Researchers yearn to treat rare blood disorders, and now they may have found the solution with the investigational drug, sutimlimab.
Sutimlimab has shown promising results for the hard-to-treat, cold agglutinin disease, one of the many rare blood disorders that has no current approved treatments.
Demystifying rare blood disorders
Caused by a malfunction in the immune system, cold agglutinin disease causes antibodies to mistakenly latch onto and kill red blood cells. This rare blood disease is a type of hemolytic anemia, a condition that occurs when the bone marrow can’t produce red blood cells as quickly as they are destroyed.
Rare blood disorders are difficult to treat and for this particular disease majority of the patients are over 50 years old.
Moreover, cold agglutinin disease is thought to affect roughly 10,000 people in the United States and Europe.

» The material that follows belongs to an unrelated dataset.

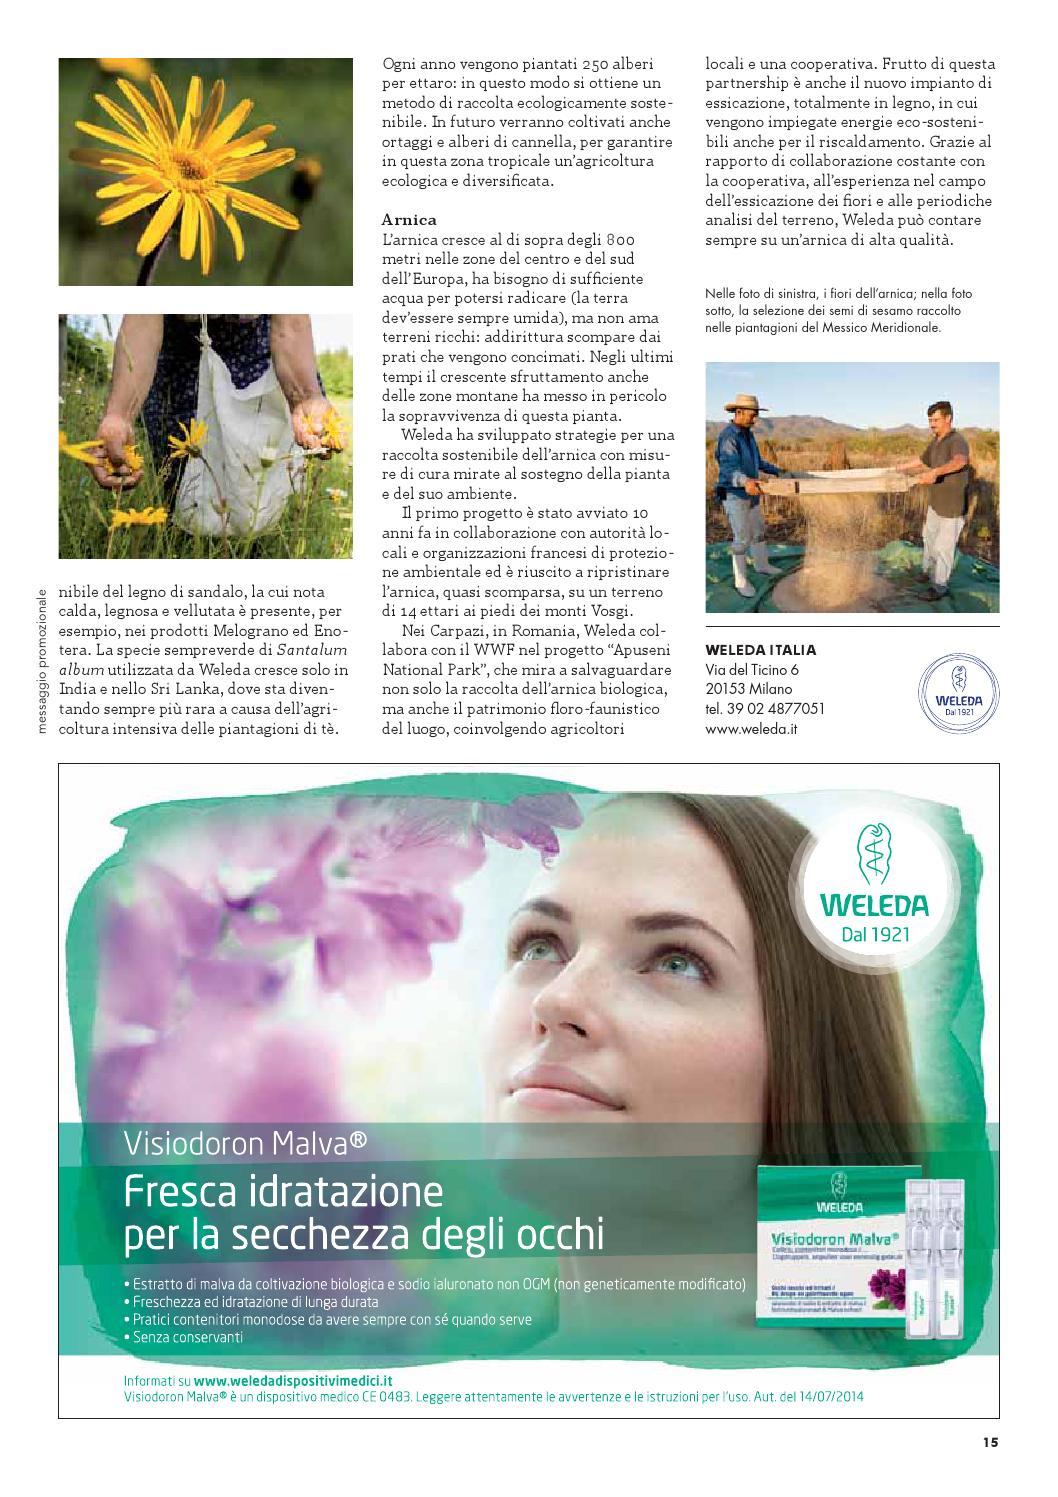 5 Naturasì 2016 Numero MagazineGennaio 2016 Numero Naturasì MagazineGennaio nkO0Pw
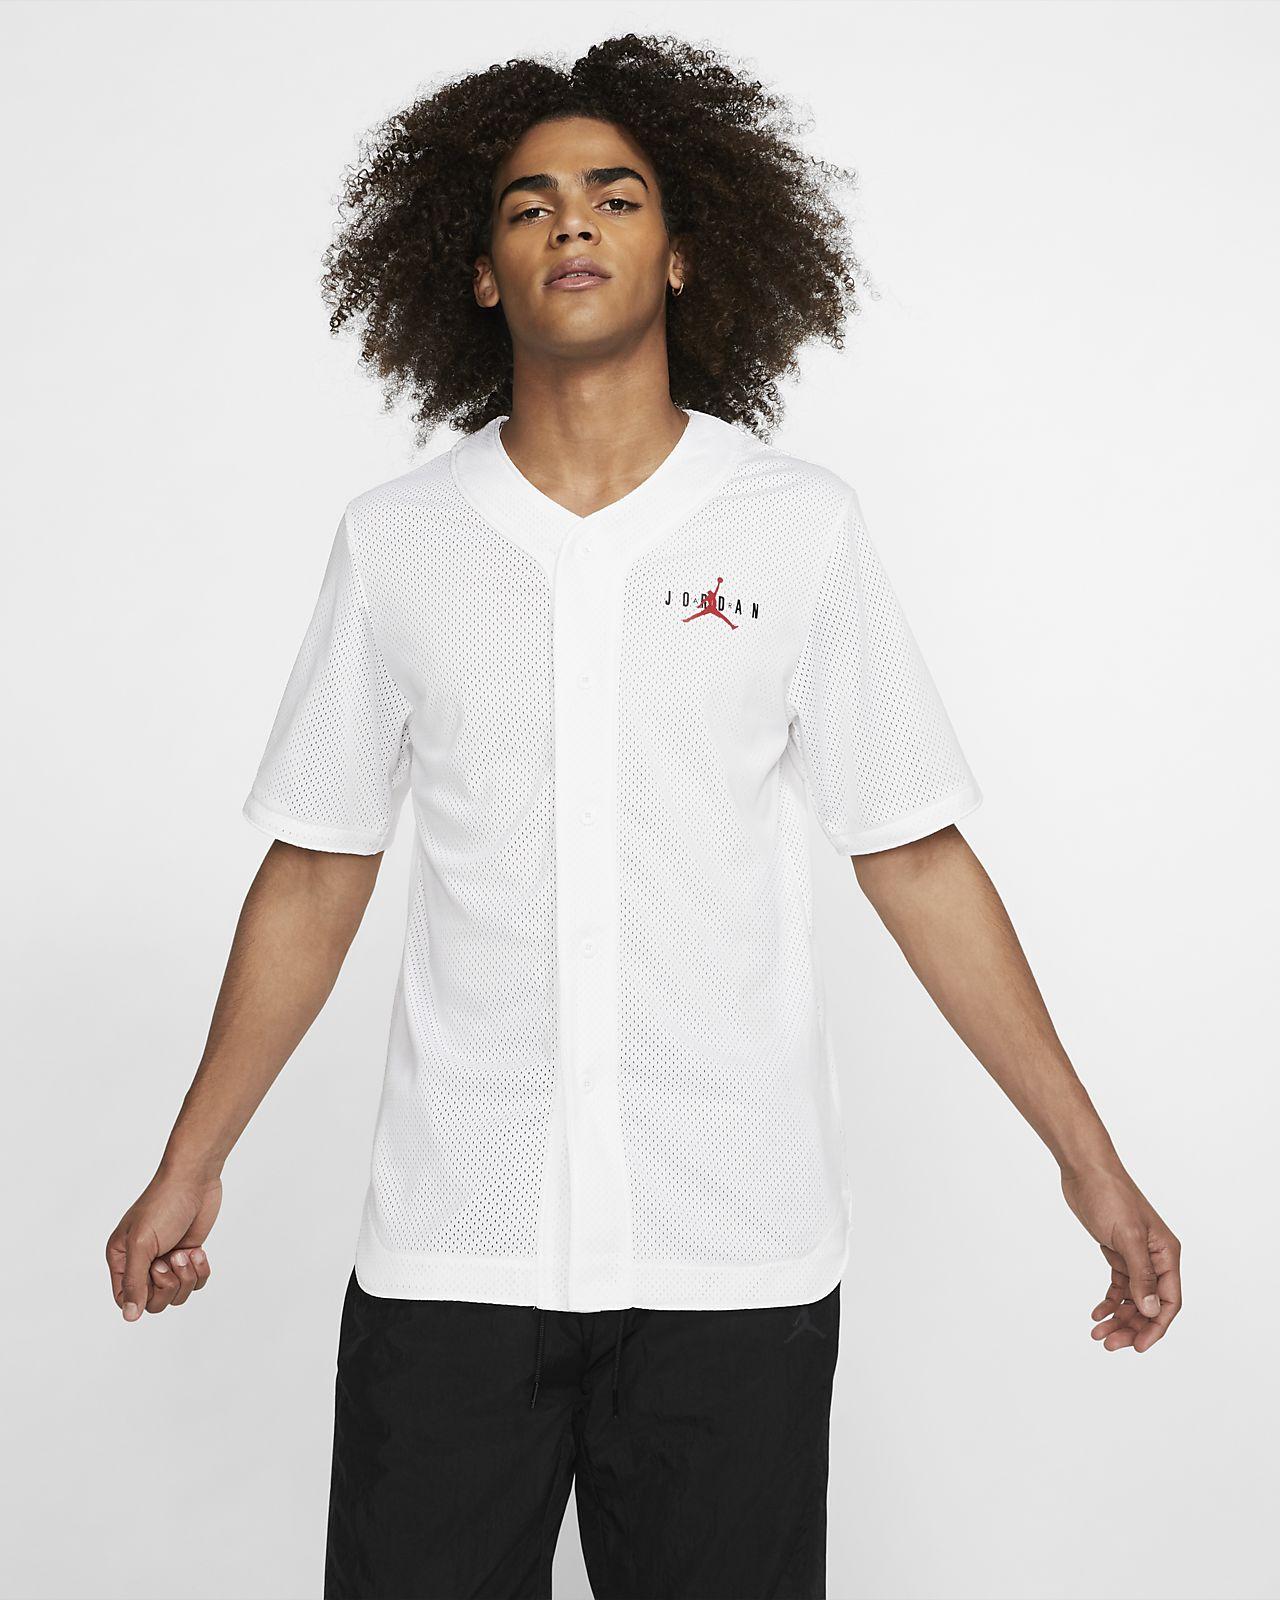 Camisola de malha Jordan Jumpman Air para homem

To date, there are no U.S. Food and Drug Administration (FDA) approved treatments for cold agglutinin disease, though rituximab, a treatment for certain blood cancers, has previously been used with or without chemotherapy with limited success.
What do you know about sutimlimab?
In the study, sutimlimab, a specific C1s inhibitor, swiftly halted the destruction of red blood cells, increased haemoglobin levels, eliminated patients’ need for blood transfusions, and successfully caused no serious adverse effects.
Bernd Jilma, Managing Director of the Medical University of Vienna, Italy and senior author explains: “The drug was well tolerated, produced clinically meaningful increases in hemoglobin levels, and precluded the need for transfusions, even in patients for whom multiple prior therapies had failed”.
Treating the untreatable
The study found that within the first week of treatment, with a full dose of sutimlimab, destruction of red blood cells stopped, and patients’ haemoglobin levels significantly increased.
When sutimlimab treatment was discontinued and the drug had left the patients’ blood, haemoglobin levels dropped, and destruction of red blood cells began again. However, when treatment resumed, these effects were once again reversed.
Jilma concludes: “The drug clearly addresses an unmet medical need, as we have seen rapid, strong responses in patients for whom multiple prior therapies have failed.”